In Between the Acts, The Globe and Mail takes a look at how artists manage their time before and after a creative endeavour.

The singer Nikki Yanofsky has played some of the most prestigious jazz festival stages. She’s worked with legendary producers Phil Ramone and Quincy Jones. The jazz-popping Montrealer performed the theme song I Believe at the Vancouver Winter Olympics in 2010, and she’s currently at work on her fourth album, due out this year. But in 2006, when she walked out on stage at the Montreal Jazz Festival for her professional debut, a preteen Yanofsky was very much wet behind the ears. She still is, at 24. Recently, she spoke to The Globe and Mail about her influences, her collaborators and her latest single, Big Mouth, a song written somewhere between rinse and repeat in the shower.

I wrote the single Big Mouth on the day of the Woman’s March, in 2018. I was watching the news and was inspired. Later, I was in the shower, washing my hair when the chorus of the song came to me. I record all my ideas on my phone. On the original voicemail, you can hear the shower running in the background.

I’ve been working with Andrew Dawson. He produced Big Mouth and he’s working on some other tracks on the album.

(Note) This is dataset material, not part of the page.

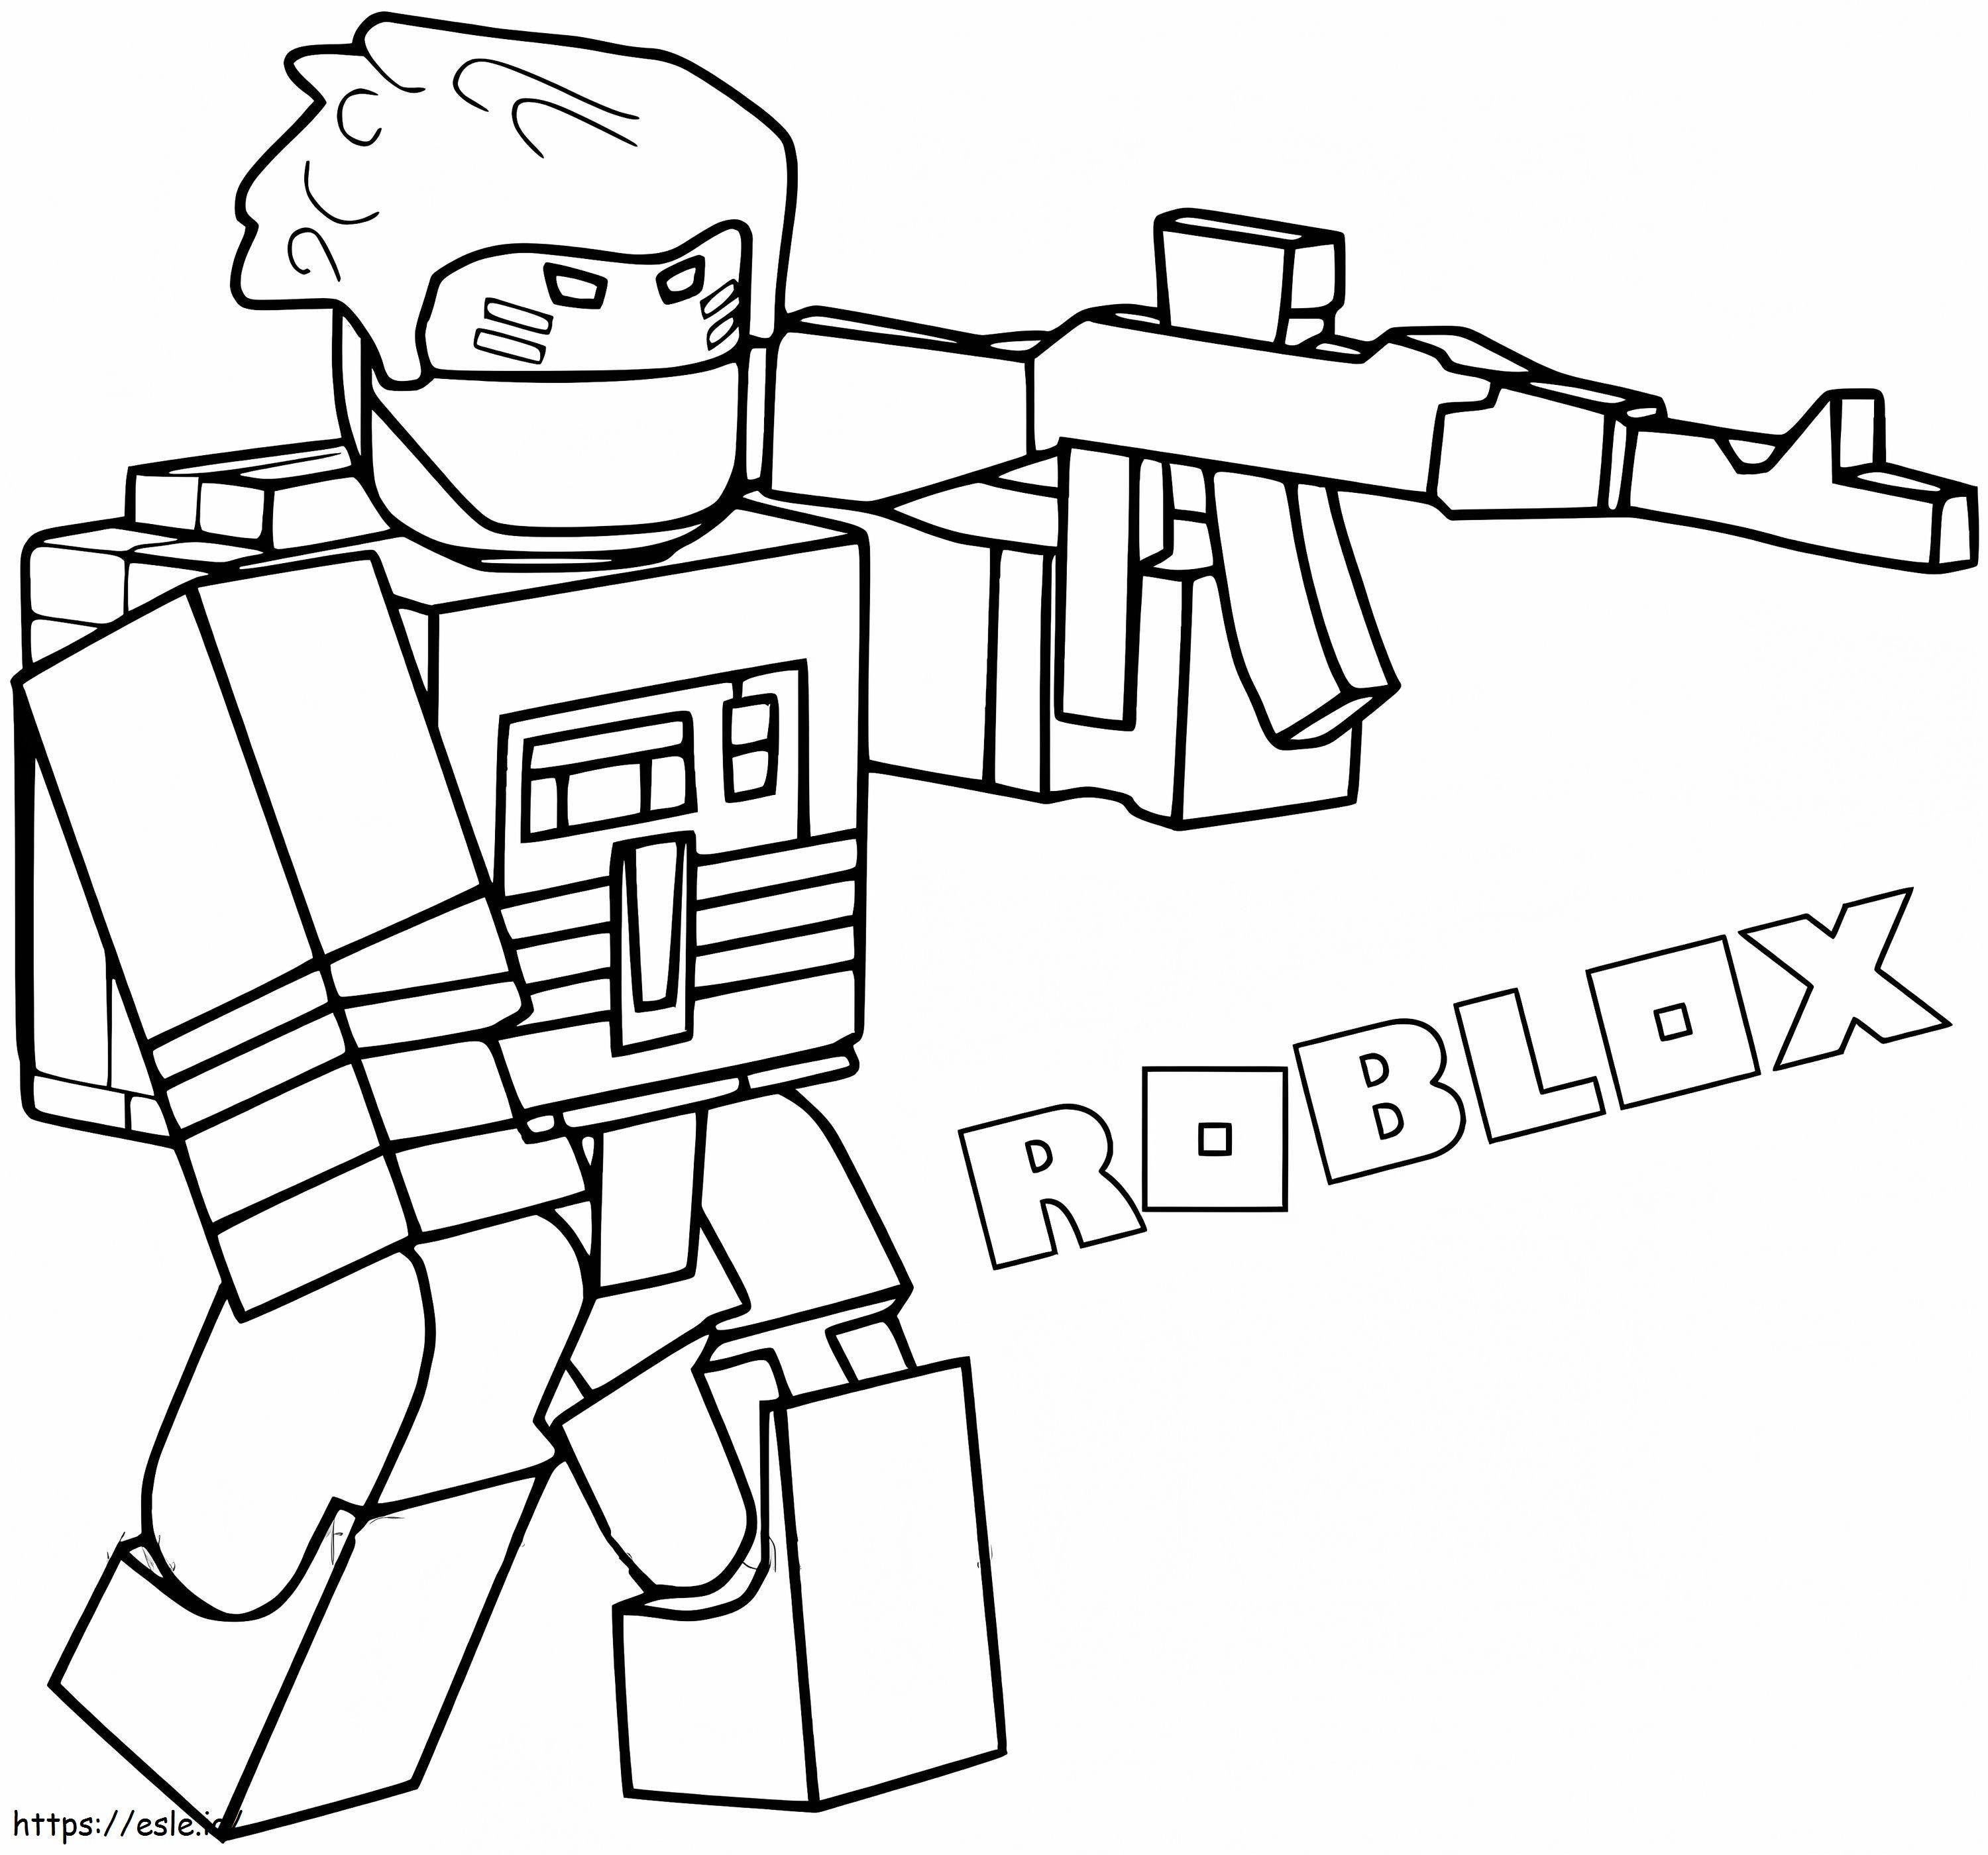 Personaj Roblox cu arma de colorat

He walks the line sonically, incorporating real musical parts and having every instrument work with the others. Nothing is walking over another part. It’s modern, but you can still create it live. We won’t need any weird sounds on the keyboard.

There’s a song on the record called Blowin’ Smoke. It was written with Andrew Dawson and Noah Conrad. I’d never worked with Noah, and he came into the session carrying a trumpet. You don’t often see a young guy with a trumpet, but because he had a gig later he brought it with him.

I asked him who his favourite player was. He said Clark Terry. I knew he knew what he was talking about, then. So, because we had the trumpet, I felt we had to use it. It ended up driving the session in that direction. And now the song has an epic trumpet solo on it. That’s something I wouldn’t have thought of on my own.

Big Mouth is the most pop-sounding song on the record. There are a lot of throwback sounds. You reference what you listen to, and while I listen to a ton of jazz, there’s a lot of Aretha Franklin and soul and Motown and Nancy Sinatra and Dusty Springfield. It’s a sixties feel, but it feels original.

I think when people hear the album, they’ll get it. In the past, I always felt I had to explain where the music was coming from. But for this album, people will understand it right away. At least that’s what I’m hoping for.